What’s Your Neutral?

Choosing a color palette for a room can be daunting – all those beautiful choices!  It can be tough to know how to start so I thought I’d tell you how we do it.

First, identify your neutral.  A neutral, according to Webster, is “not decided or pronounced as to characteristics” which means it has characteristics, but they may be hard to read.  And this is what make choosing one so tough.  Colors have undertones and understanding which undertones appeal to you makes choosing colors much easier.  Most people gravitate toward either beige (warm) or gray (cool) and their preference tends to be consistent over time.  This means listen to your heart, not the latest trend.  And note: finding your neutral doesn’t mean that you intend to use a lot of gray or beige colors but knowing which way you lean will help choose colors and finishes that will work well together.

A cool kitchen


A warm kitchen

You know your neutral, now what!  Beige enthusiasts will usually like browns, taupes and warm colors like red, rust, gold, rich navy blue, earthy green or aubergine (that warm, rich purple that makes me want sweater weather to come back.)  Finishes like oil-rubbed bronze, copper or the currently popular French gold will work beautifully in these spaces; as will creamy marbles and limestones (or their quartz look alikes) with brown or gold veining. (There are warm grays as well so if the plethora of gray fabrics and accessories out there are calling you, you can follow.  Just make sure the undertones are the same.)  Beige works best when used with high contrast components – pieces that are much darker and much lighter.  Picture a creamy marble tile with a dark wood cabinet.  Or a dark gray wall color with natural cherry cabinets.  Beige can work well with softer colors like salmon or mint.  If you are using dark browns it is easier to bring in brighter, more lively colors like orange, bright green, or turquoise.

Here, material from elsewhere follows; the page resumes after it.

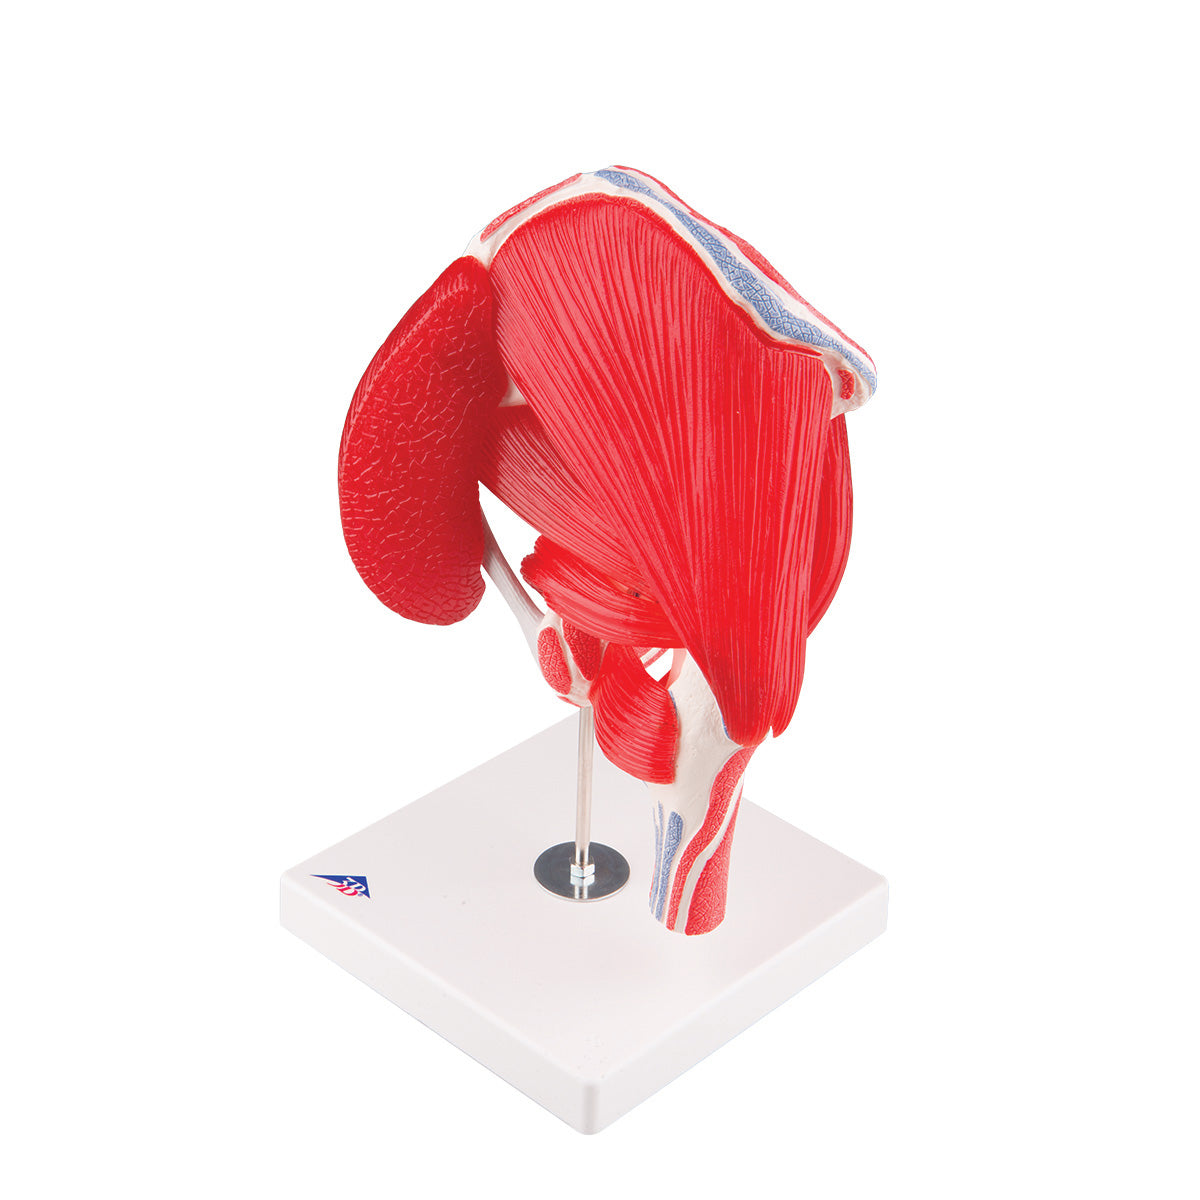 Flexible hip model with muscles that can be separated into 7 parts
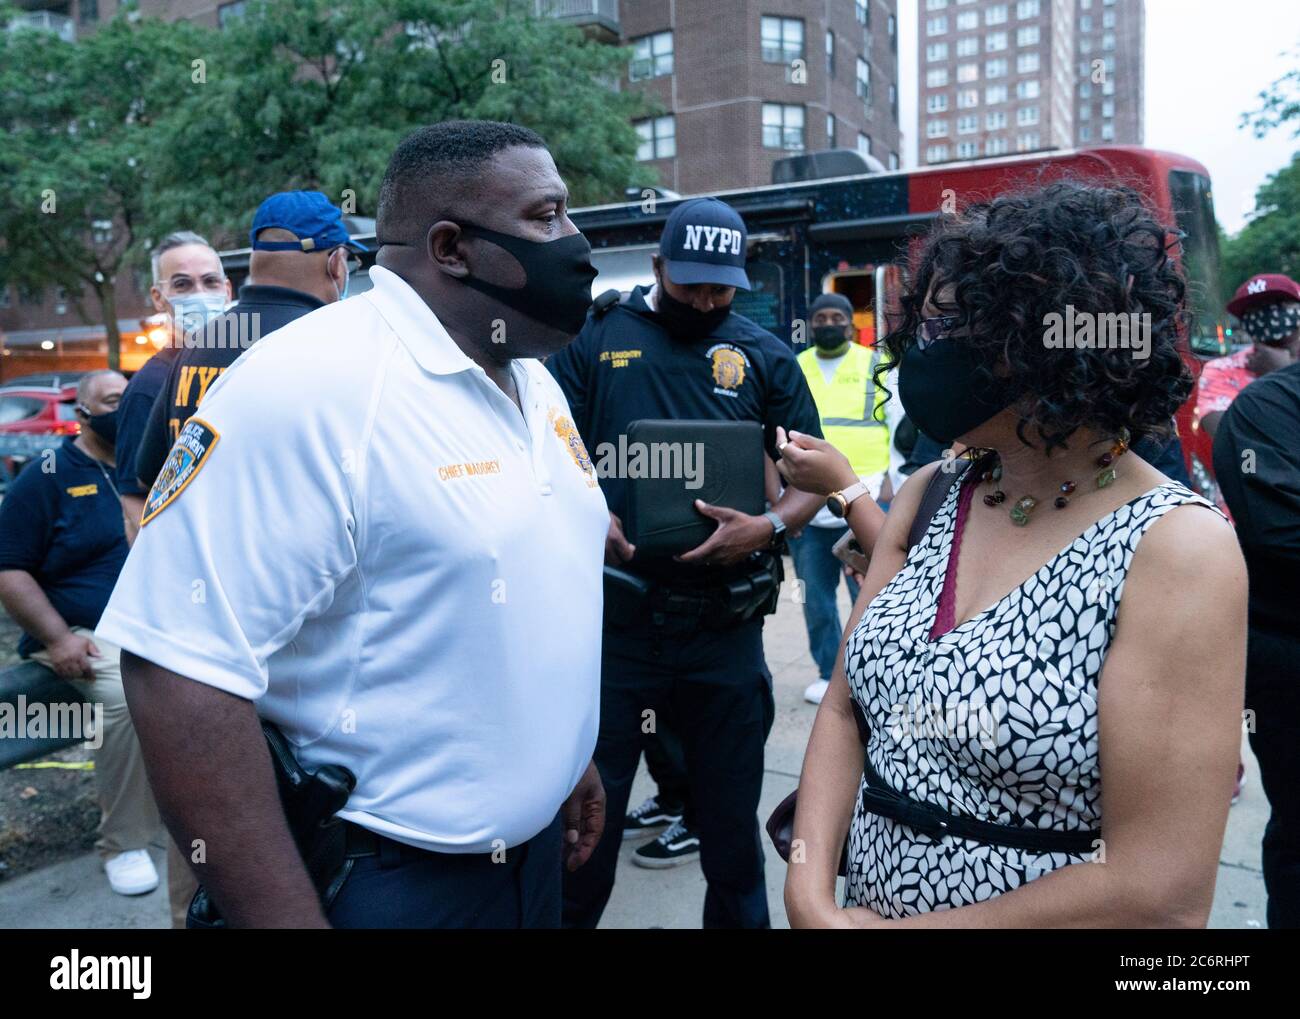 New York, NY - July 11, 2020: NYPD Chief Jeffrey Maddrey attends Occupy the Corner rally in East Harlem in response on gun violence Stock Photo

Gray really plays well with colors, which goes a long way to explaining its popularity.  Its nice to be able to switch out accessories to change the look of a room for a new season or a personality face lift.


One last tip:  its easier to understand that the undertones of the colors in your space should be the same than it is to know what that undertone is!  The best way to find the undertone is to find a paint strip with your color on it and look at the darkest shade on the strip.  The color will be most obvious here.